O movimento Mulheres Vivas e o filme de Lili de Grammont, Memória em Conta-Gotas, conectam esses dois mundos. O filme não apenas expõe o crime do pai, mas denuncia como o sistema judiciário e a cultura da época foram cúmplices daquele gatilho.
| Período | Termo Utilizado | Visão Social |
| 1981 (Caso Eliane) | Crime passional | “Matou por amor” ou “defesa da honra”. |
| Atualidade | Feminicídio | Crime de ódio baseado no gênero e controle. |
O impacto nas redes e a herança de Lili
A morte de Lindomar Castilho é o fim de um homem que, como disse sua filha, já estava morto para a sociedade que não aceita mais seus métodos. A história de Eliane de Grammont, por outro lado, continua viva em cada lei nova e em cada voz que se levanta contra o machismo.

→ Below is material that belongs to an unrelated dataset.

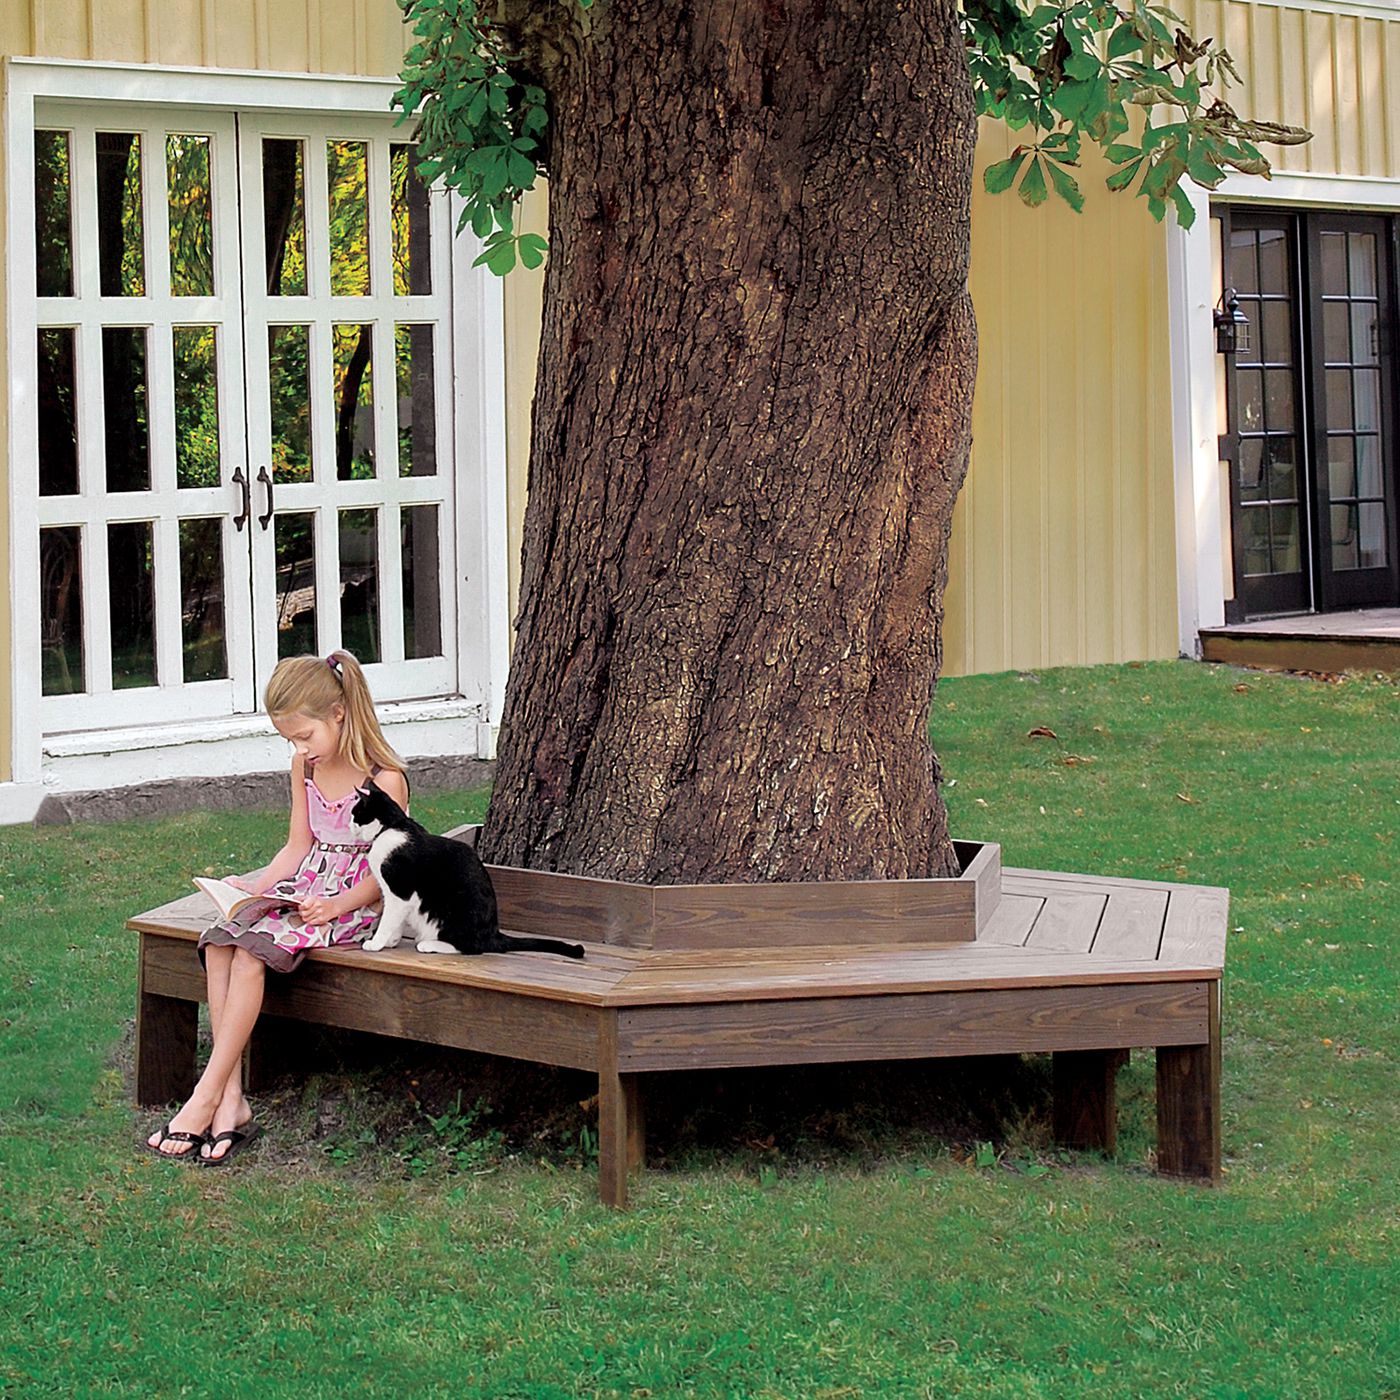 Wrap-Around Tree Bench - Wrapping wooden tree table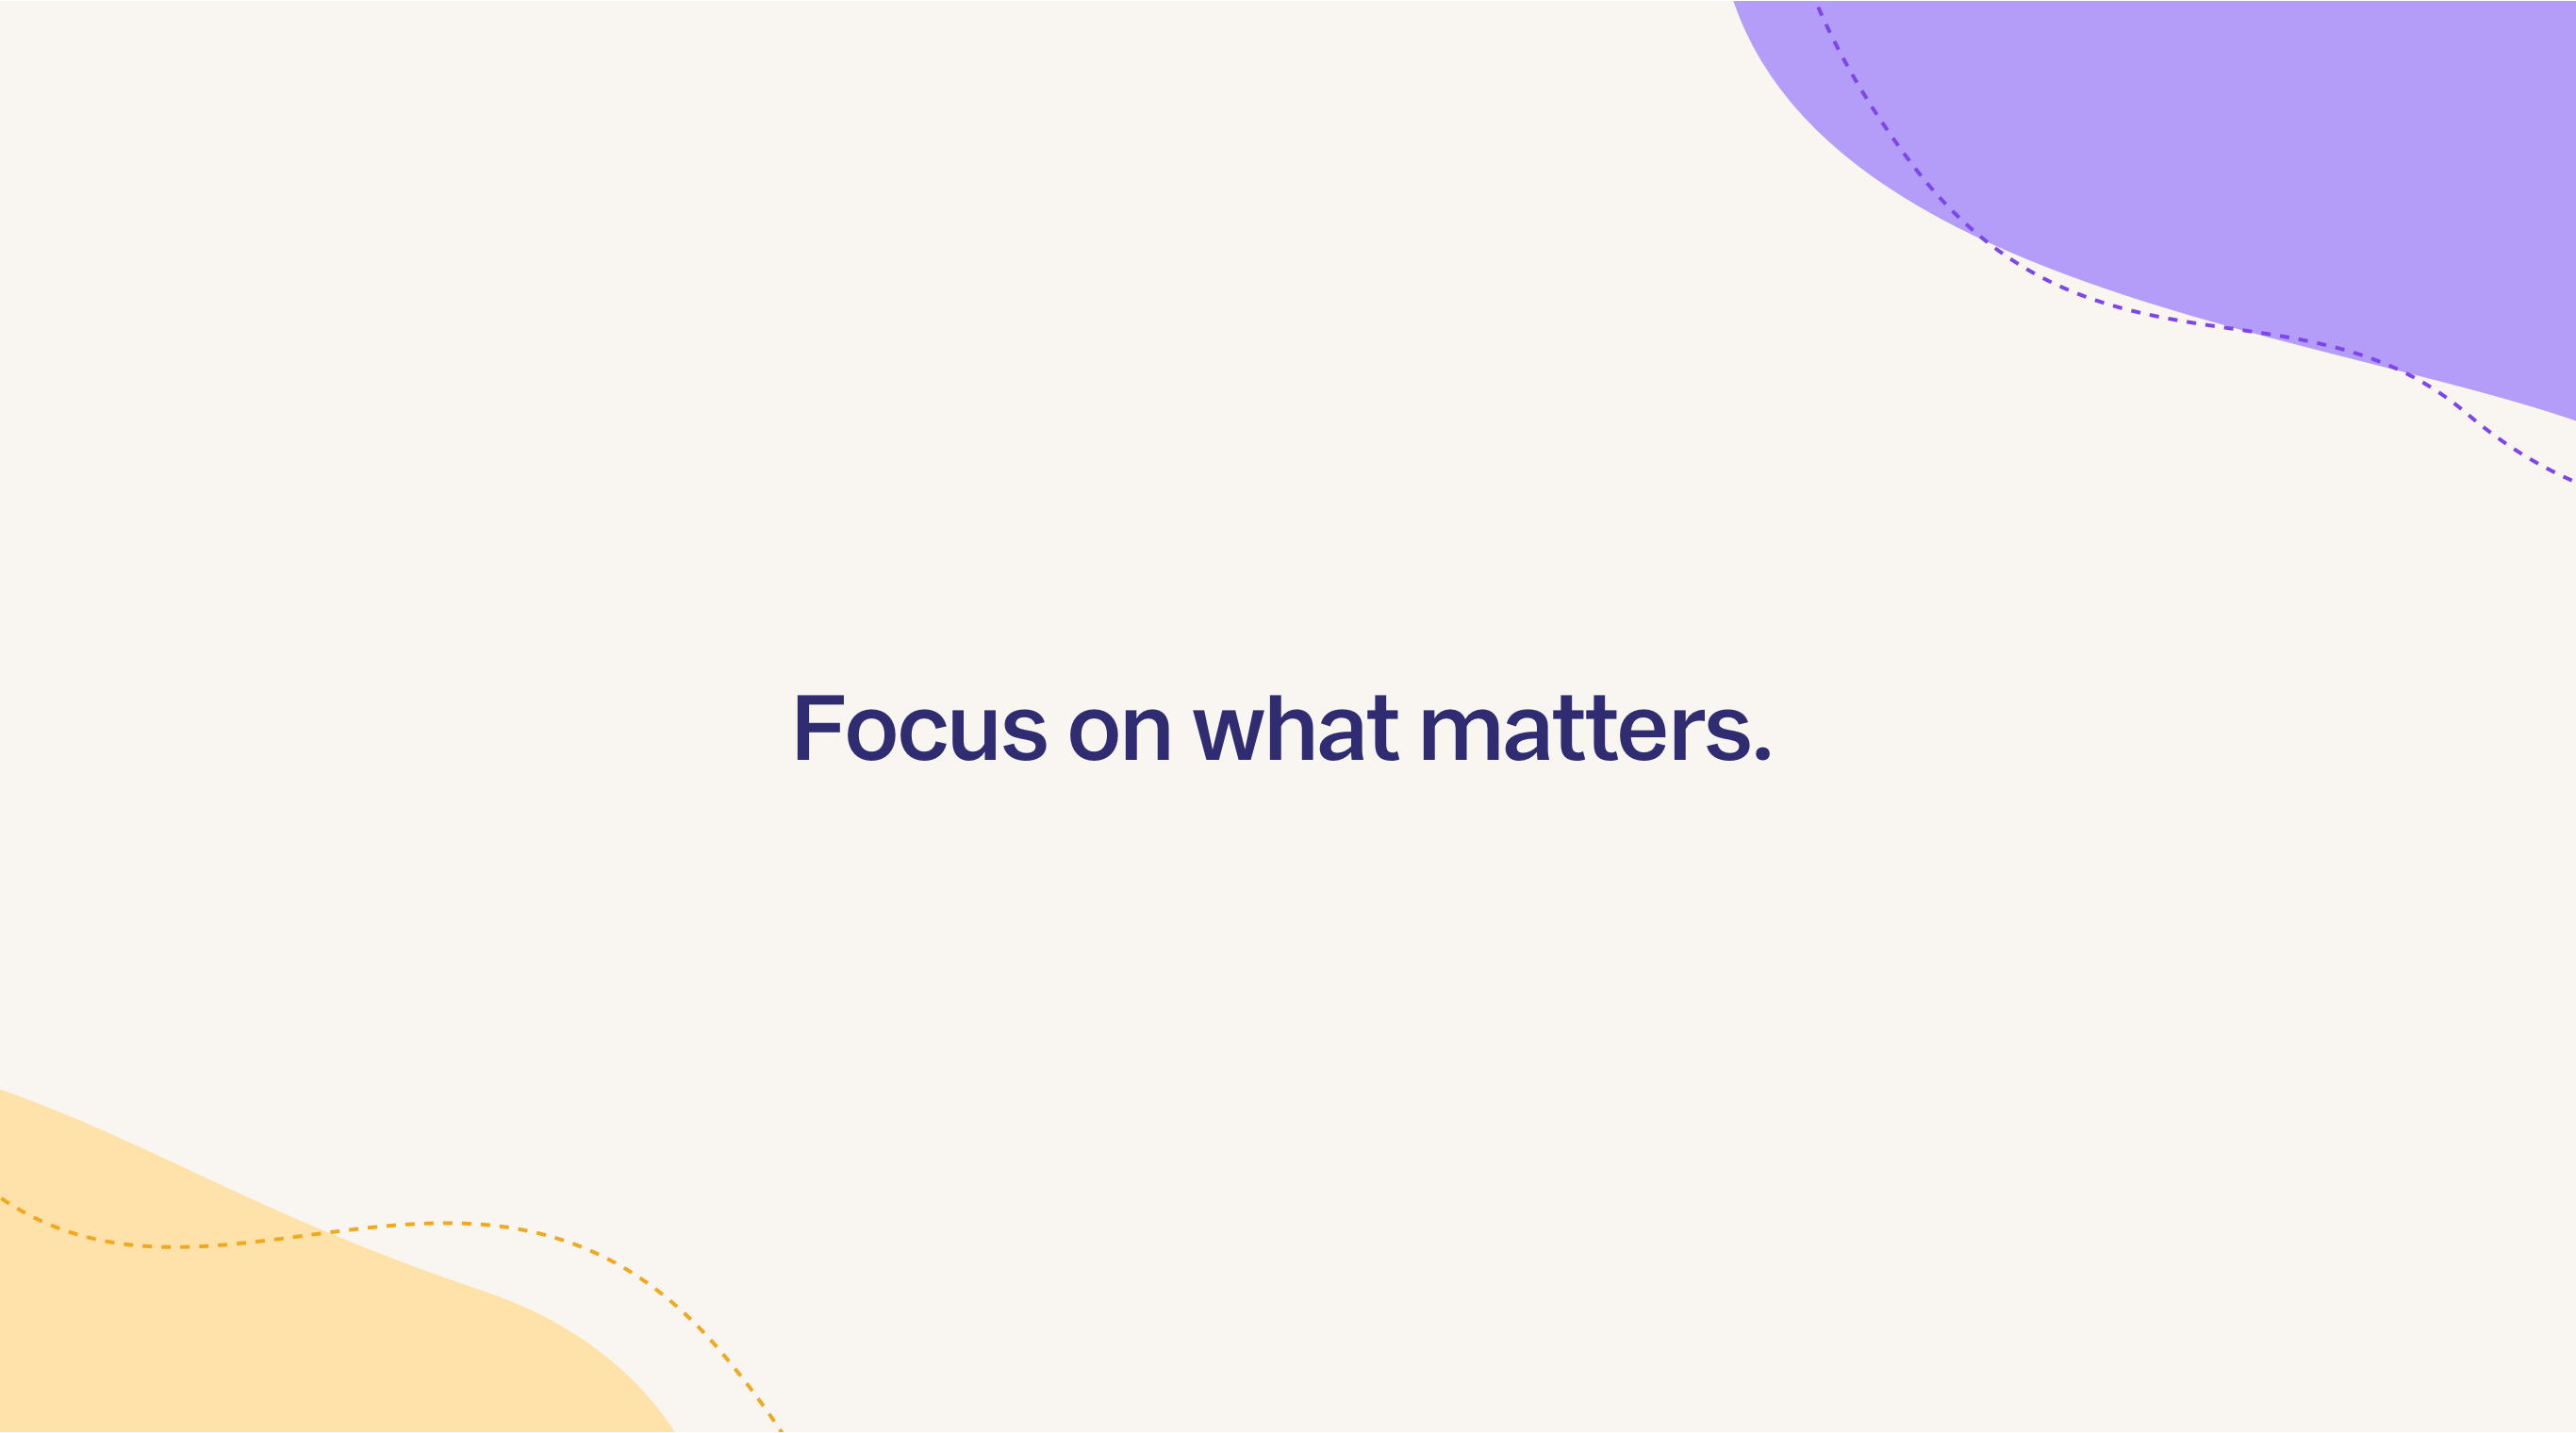 An off-white page tells a user to “Focus on what matters”

A partida de Lindomar Castilho não apaga a mancha de sangue em sua biografia, mas reforça a urgência de mudarmos a trilha sonora de um país onde as mulheres ainda precisam lutar, diariamente, pelo direito de simplesmente permanecerem vivas.
O silêncio de Lindomar Castilho se encerra, mas a discussão que seu crime despertou está mais viva do que nunca. A música parou, mas a luta para que nenhuma outra mulher seja silenciada no palco da vida continua.